Detect names, emails, phone numbers and other PII with precise UTF-8 byte offsets,
far faster than a stock Hugging Face Transformers pipeline. The upstream pf library and
ggml are statically linked into a single compiled extension via
nanobind +
scikit-build-core, so an installed
wheel is fully self-contained.
Features
- 🔎 Entity spans with byte offsets — every detection carries
start/end/score/label. - 🧩 Merging & dedup helpers — fold token-level spans into
PERSON/MONEY/ADDRESSand collapse repeats. - 🌍 Multilingual — works on non-ASCII text, offsets stay correct.
- 📦 Self-contained wheels — one
abi3wheel per platform, no externallibggmlto locate. - ⚡ Releases the GIL during inference; load a model once and reuse it.
Scope: this release is CPU-only and targets CPython 3.12+. Prebuilt wheels are published for Linux x86_64 (manylinux) and macOS arm64 (Apple Silicon).
Installation
From PyPI (coming soon)
🚧 Not yet published. Once released, install with:
pip install pii-inference
From a prebuilt wheel (GitHub Releases)
Each release attaches abi3 wheels
for Linux x86_64 and macOS arm64. Grab the one for your platform:
pip install https://github.com/solipsy/pii-inference/releases/download/v0.1.0/privacy_filter-0.1.0-cp312-abi3-macosx_11_0_arm64.whl
From source
Building from source compiles the C++ engine, so you need a C++17 compiler and
CMake ≥ 3.21 (CMake/Ninja are fetched automatically by the build). The upstream
engine and its nested ggml are git submodules:
git clone --recursive https://github.com/solipsy/pii-inference.git
cd pii-inference
pip install . # or: uv sync && uv pip install -e . --no-build-isolation
Already cloned without --recursive? Run git submodule update --init --recursive.
Quick start
You supply a GGUF model at runtime (it is not bundled — see Getting a model):
from privacy_filter import PrivacyFilter
text = "Contact Jane Doe at jane.doe@acme.com or +1-202-555-0142."
with PrivacyFilter("model.gguf", device="cpu", n_threads=0) as pf:
for e in pf.classify(text, threshold=0.5):
print(f"{e.label:12} {e.score:.3f} {e.text(text)!r}")
FIRSTNAME 0.589 'Jane'
LASTNAME 0.855 'Doe'
EMAIL 0.991 'jane.doe@acme.com'
PHONE 0.987 '+1-202-555-0142'
Entity exposes .start/.end (UTF-8 byte offsets), .score, .label, and
.text(source).
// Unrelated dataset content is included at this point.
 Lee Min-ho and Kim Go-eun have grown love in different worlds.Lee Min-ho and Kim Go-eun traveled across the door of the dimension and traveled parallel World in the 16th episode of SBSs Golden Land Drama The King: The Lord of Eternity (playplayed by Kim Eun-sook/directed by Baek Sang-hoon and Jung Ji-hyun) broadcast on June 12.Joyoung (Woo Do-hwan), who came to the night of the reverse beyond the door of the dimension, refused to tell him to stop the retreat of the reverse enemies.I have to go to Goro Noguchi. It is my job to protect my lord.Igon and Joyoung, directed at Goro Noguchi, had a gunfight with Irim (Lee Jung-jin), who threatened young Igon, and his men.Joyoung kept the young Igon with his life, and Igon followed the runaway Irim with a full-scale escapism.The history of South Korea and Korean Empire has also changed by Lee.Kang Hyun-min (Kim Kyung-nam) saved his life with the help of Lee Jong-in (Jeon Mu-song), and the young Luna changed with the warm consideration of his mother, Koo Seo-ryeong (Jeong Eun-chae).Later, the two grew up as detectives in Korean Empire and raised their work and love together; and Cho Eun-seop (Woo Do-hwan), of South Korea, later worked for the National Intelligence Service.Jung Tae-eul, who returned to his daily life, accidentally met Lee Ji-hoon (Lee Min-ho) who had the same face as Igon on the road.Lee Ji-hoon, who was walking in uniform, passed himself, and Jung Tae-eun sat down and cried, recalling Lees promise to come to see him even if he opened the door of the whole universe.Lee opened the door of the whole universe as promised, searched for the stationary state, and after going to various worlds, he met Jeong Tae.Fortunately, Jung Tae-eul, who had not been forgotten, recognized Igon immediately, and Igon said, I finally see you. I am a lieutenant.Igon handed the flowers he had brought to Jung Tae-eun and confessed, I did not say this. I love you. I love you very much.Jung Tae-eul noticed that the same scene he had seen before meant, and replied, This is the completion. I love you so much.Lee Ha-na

There are also merge_entities() / dedupe_entities() post-processing
helpers, tokenization, long-document windowing, and device selection.
Documentation
Full usage and API reference live in docs/privacy-filter.md:
| Topic | |
|---|---|
| Quick start · Detecting entities | classify, thresholds |
| Byte offsets & redaction | non-ASCII-safe slicing |
| Merging & deduplication | PERSON / MONEY / ADDRESS, dedup |
| Tokenization · Windowing | lower-level access |
| API reference | PrivacyFilter, Entity, Span, functions |
| Building wheels | cibuildwheel, CI |
Testing
uv run pytest # model-free tests
PF_TEST_MODEL=/path/to/model.gguf uv run pytest # full suite incl. classify/tokenize
Maintainers: release/publishing steps live in PUBLISHING.md.
Roadmap
- Publish to PyPI
- Windows wheel
- Optional GPU builds (CUDA / Vulkan / Metal)
- Expose per-token
logits(needs a small upstream addition)
License
MIT — see LICENSE. Bindings for the upstream
privacy-filter.cpp project.
Project details
Release history Release notifications | RSS feed
Download files
Download the file for your platform. If you're not sure which to choose, learn more about installing packages.
Source Distributions
Built Distributions
Filter files by name, interpreter, ABI, and platform.
If you're not sure about the file name format, learn more about wheel file names.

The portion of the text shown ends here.